The task. For the records below, output word for word the lines from the one with "Une magnifique paire" up to and including the one with "Mesures : 10". No pictures.

Data for this task.
+ + +

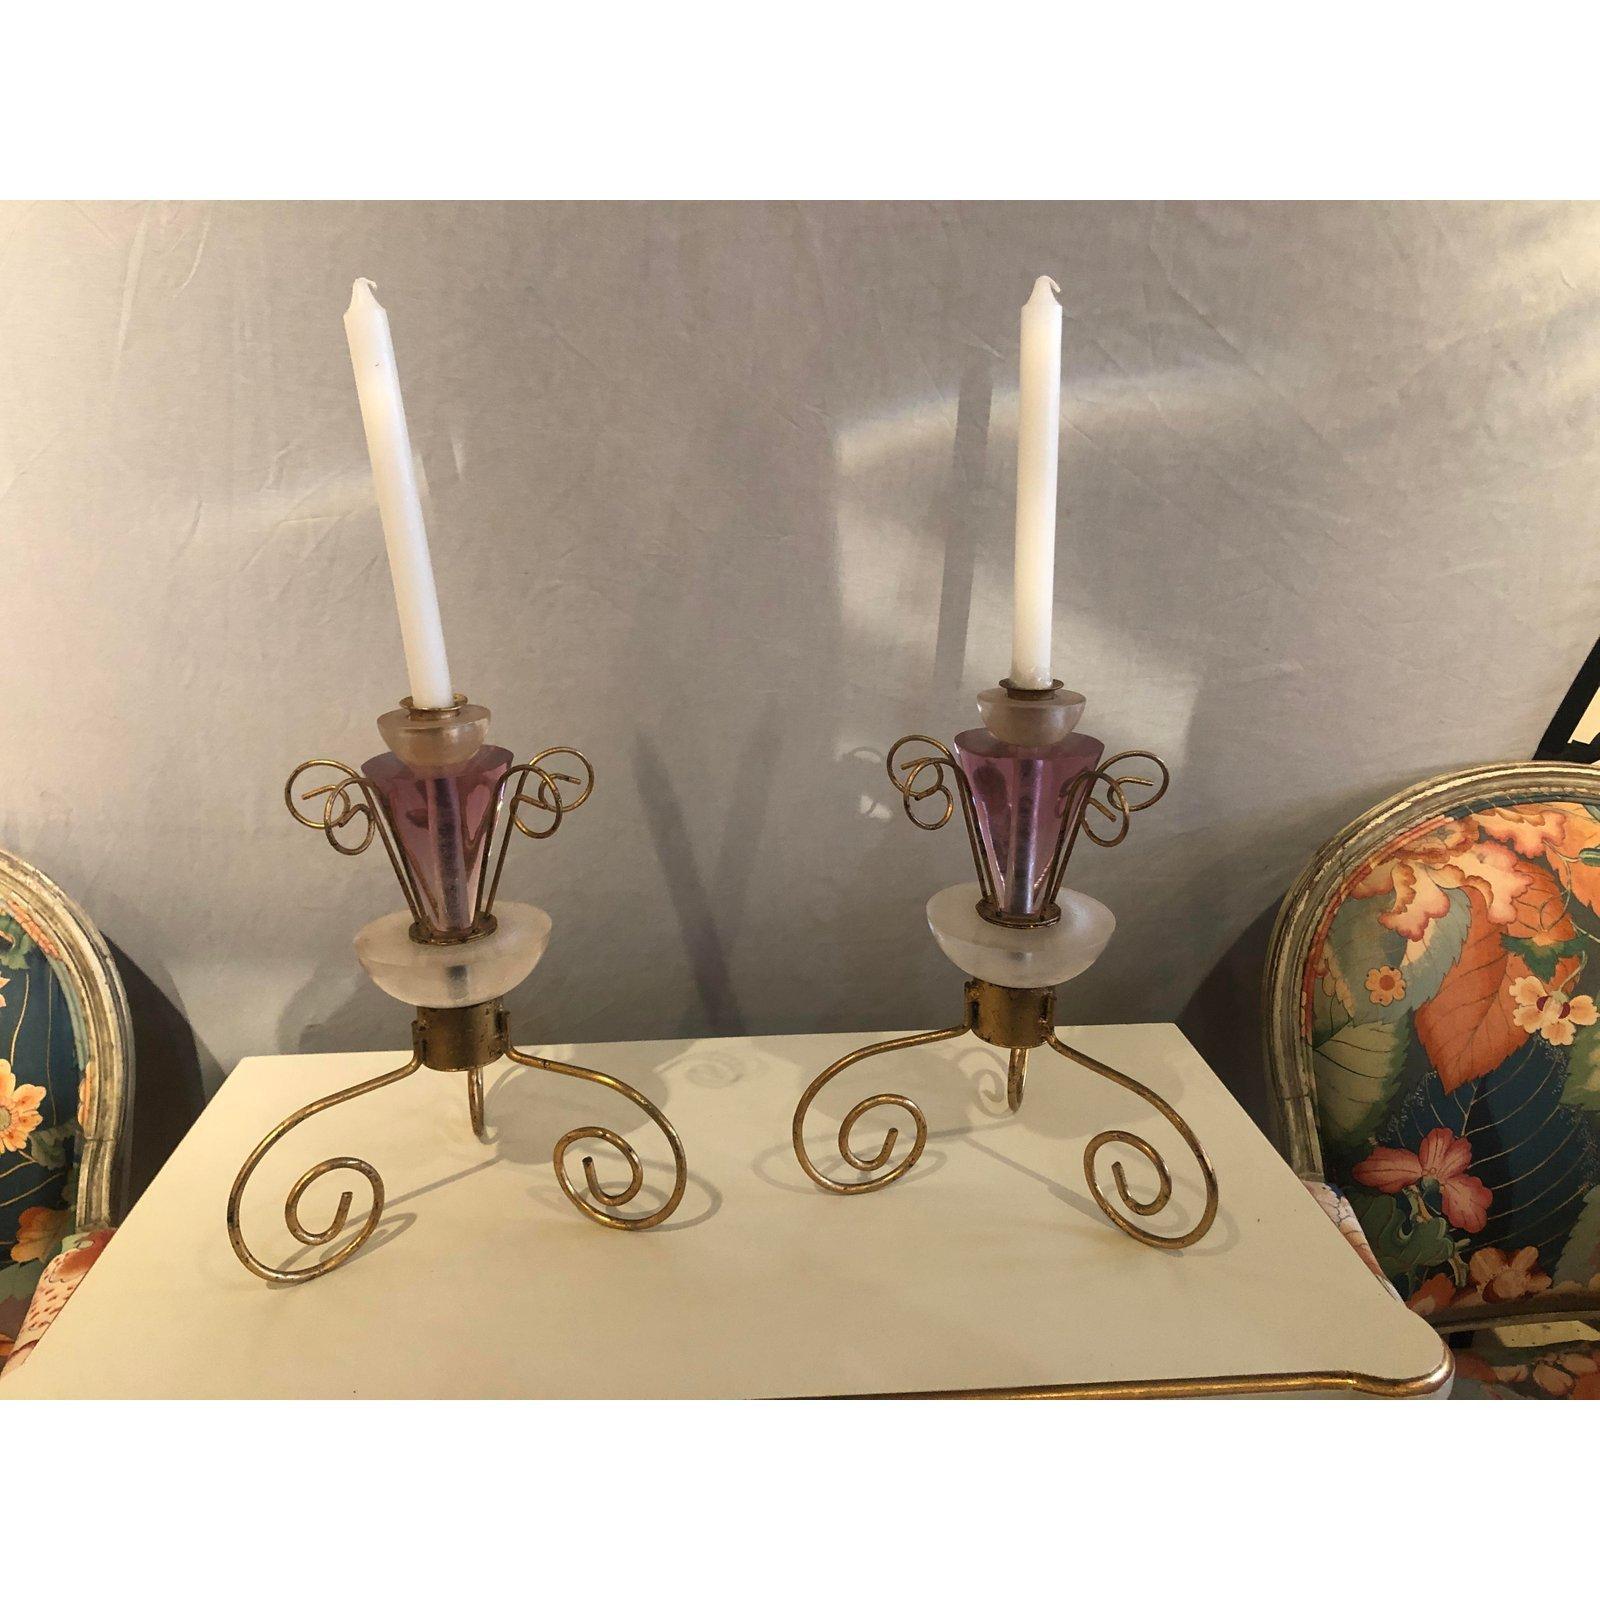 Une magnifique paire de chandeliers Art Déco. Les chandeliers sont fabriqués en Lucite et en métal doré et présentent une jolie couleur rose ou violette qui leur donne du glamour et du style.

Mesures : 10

+ + +

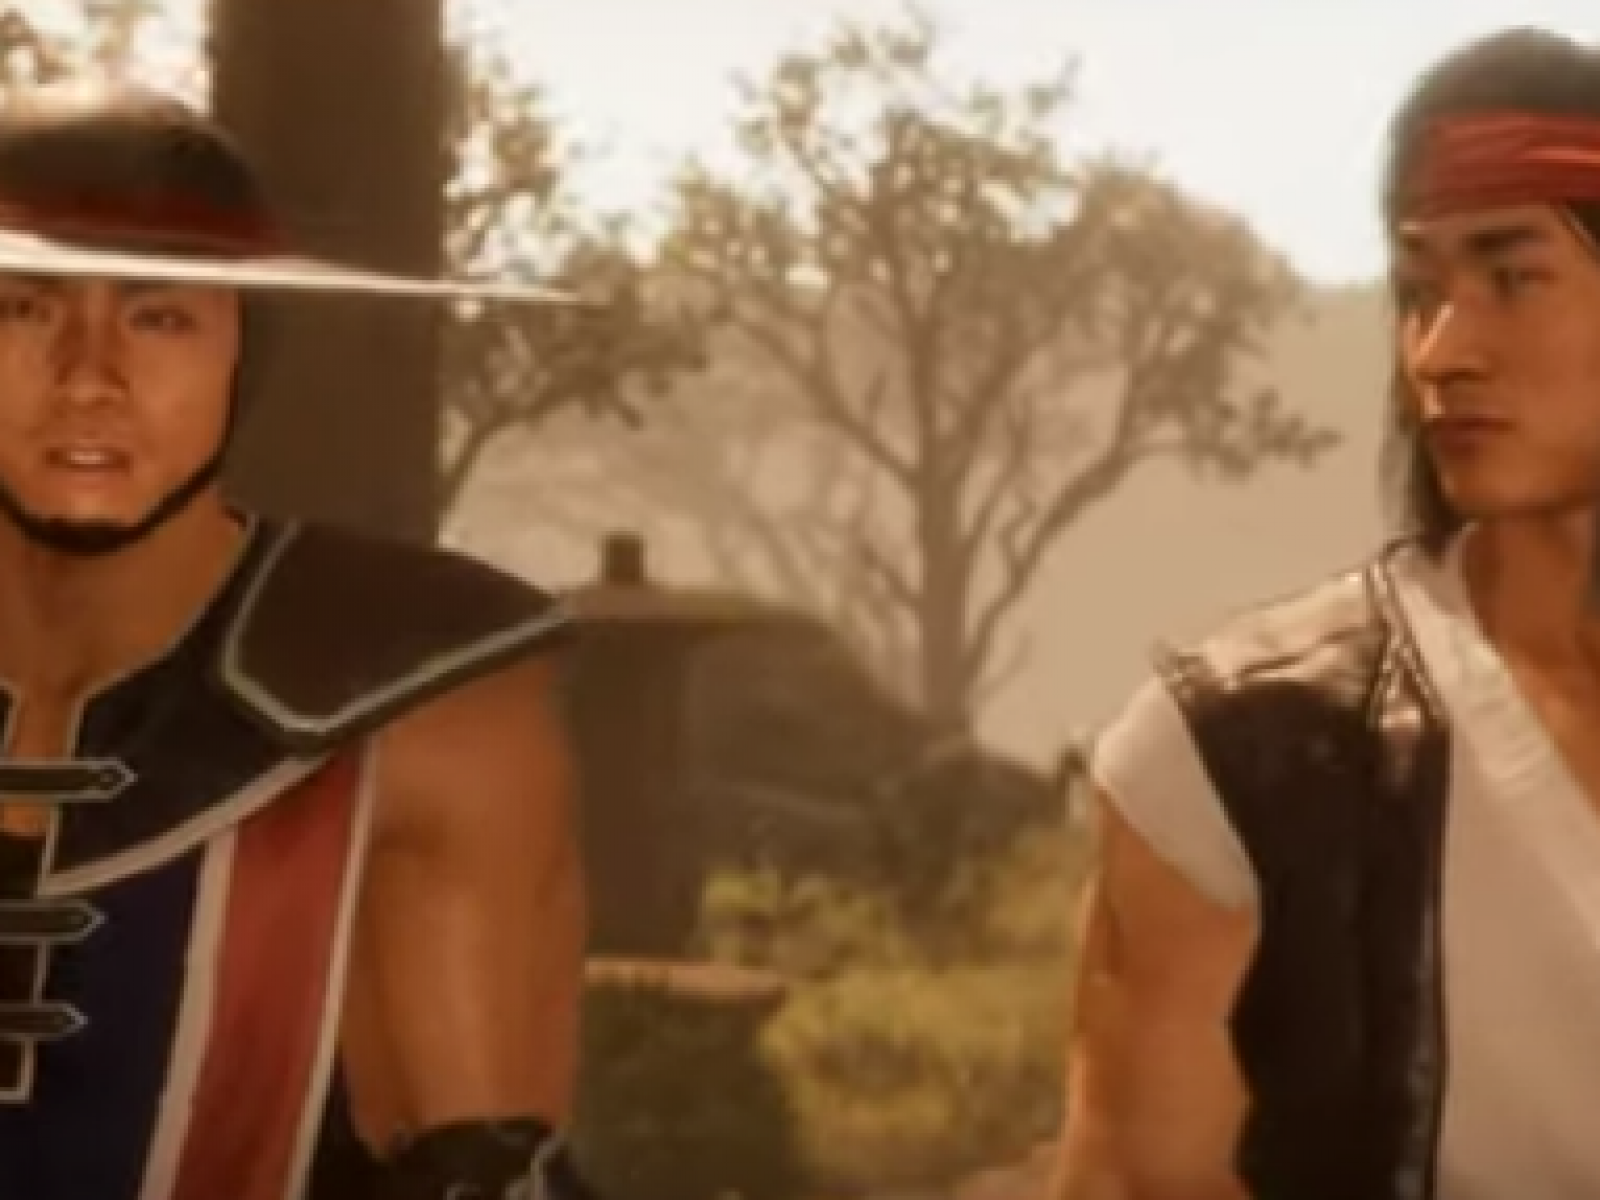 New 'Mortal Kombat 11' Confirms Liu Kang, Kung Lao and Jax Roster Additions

+ + +

Task answer.
 Une magnifique paire de chandeliers Art Déco. Les chandeliers sont fabriqués en Lucite et en métal doré et présentent une jolie couleur rose ou violette qui leur donne du glamour et du style.

Mesures : 10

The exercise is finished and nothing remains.